Ah, as ruas. Os caminhos guardam suas estranhezas, mesmo quando conhecidos. São gritos a perfurar o escasso silêncio do bairro, pessoas que não estavam na praça central ontem e hoje fazem dela um palco, esbarrões entre dois ou mais indivíduos desconhecidos entre si a compor uma involuntária melodia matinal, e uma série de situações de quem passa em branco. O homem mencionado não participa delas, tampouco as caça ou evita, apenas as observa; e sabe que não há uma fuga real, é apenas levado por uma Asa de Sereia, nome do segundo livro de crônicas de Luís Henrique Pellanda.

E o leitor ganha um assento nesta viagem pelas múltiplas faces de Curitiba, metrópole cuja fama cinzenta e introvertida esconde todo tipo de ruído.  “Um entra na Pracinha do Amor pela esquina da Ébano [Pereira] com a Cruz Machado; o outro, pela escada da Saldanha [Marinho]. Partem de cantos opostos, feito lutadores no ringue. […] já os vi antes, nunca juntos. Atrás da banquinha fechada, sentado na madeira úmida, tão sóbrio, quem sou eu para atrapalhar este encontro?”. Esta abertura de Excêntricos é uma pista, pois uma vez lendo nos tornamos testemunhas. Podemos fazer como o autor, pedir licença ao mundo real e fingir que não estamos lá. E na tentativa de não presenciar um evento desse porte, levar um indiscreto Cancela Tudo (nome de outra crônica) de um homem-onça que corre até chegar ao companheiro e anunciar a ordem do dia, não sem antes quase atropelar alguns passantes e motocicletas estacionadas no caminho – e desviar a atenção de alguns passantes do habitual com o qual lidam.

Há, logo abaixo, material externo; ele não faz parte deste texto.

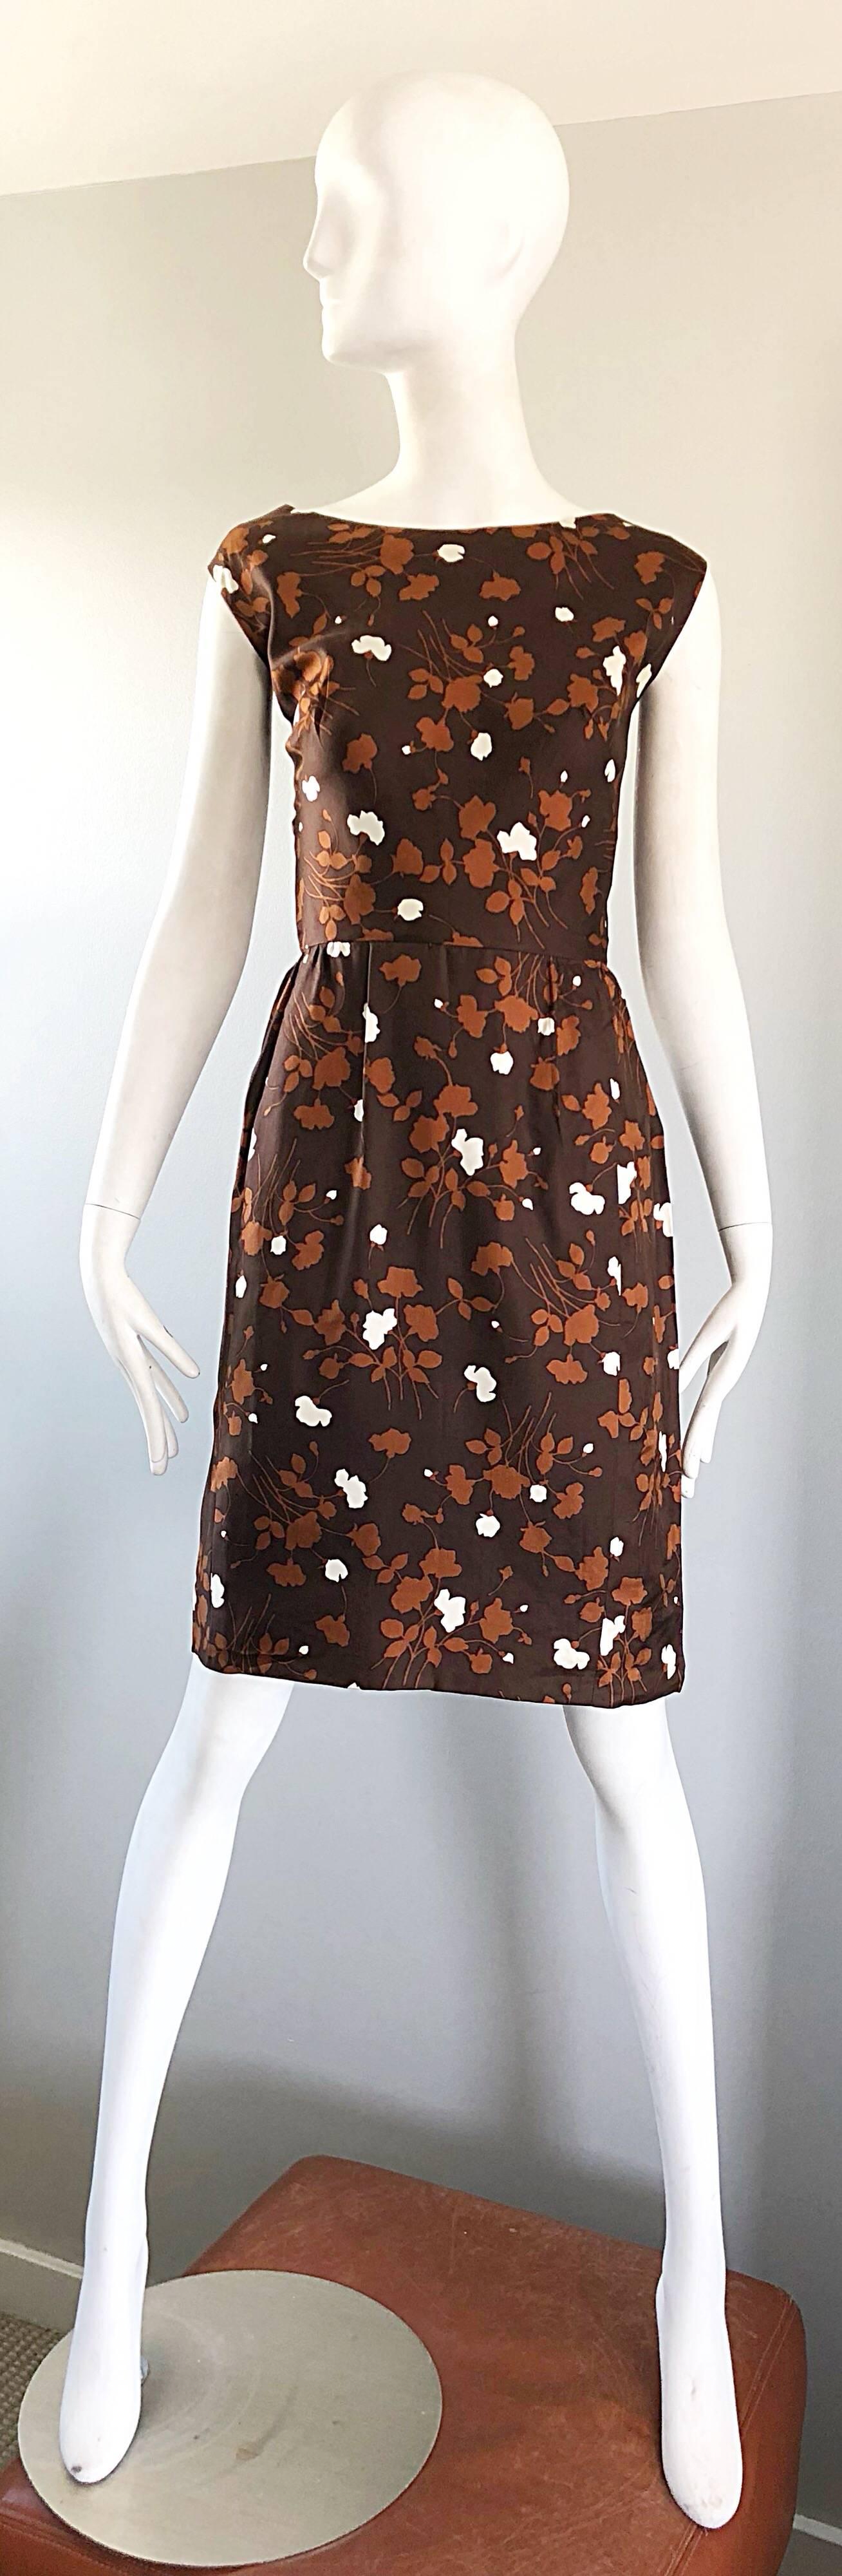 Ensemble robe et veste d'automne chic des années 1960 en soie marron, rouille et blanche ! La robe présente un corsage ajusté et une jupe souple. Fermeture à glissière entièrement métallique dans le dos avec fermeture à bouton. Poches de chaque côté

O retrato de Curitiba neste livro é uma soma de particularidades dispostas a surpreender, o espanto e o riso figuram entre reações a elas.  A esquina por onde passamos ontem pode ter um brilho diferente, não tanto pela (indiferença da) luz, mas pelos que nela estão hoje com suas vozes e suas asas a bater, prestes a demarcar território com passos trôpegos enquanto a metrópole finge não os abrigar. São pessoas cujas ‘estranhezas’ estão perto de nós, sem se incomodarem se as entendemos. Pois elas são Meus vizinhos, seus amigos, teus irmãos e o diabo; nos tornamos plateia e figurino, sem direito a declinar do convite. Em um dia de trégua, a caminhada talvez não lhe pregue surpresas, mas cuidar da casa antes de sair nunca é demais.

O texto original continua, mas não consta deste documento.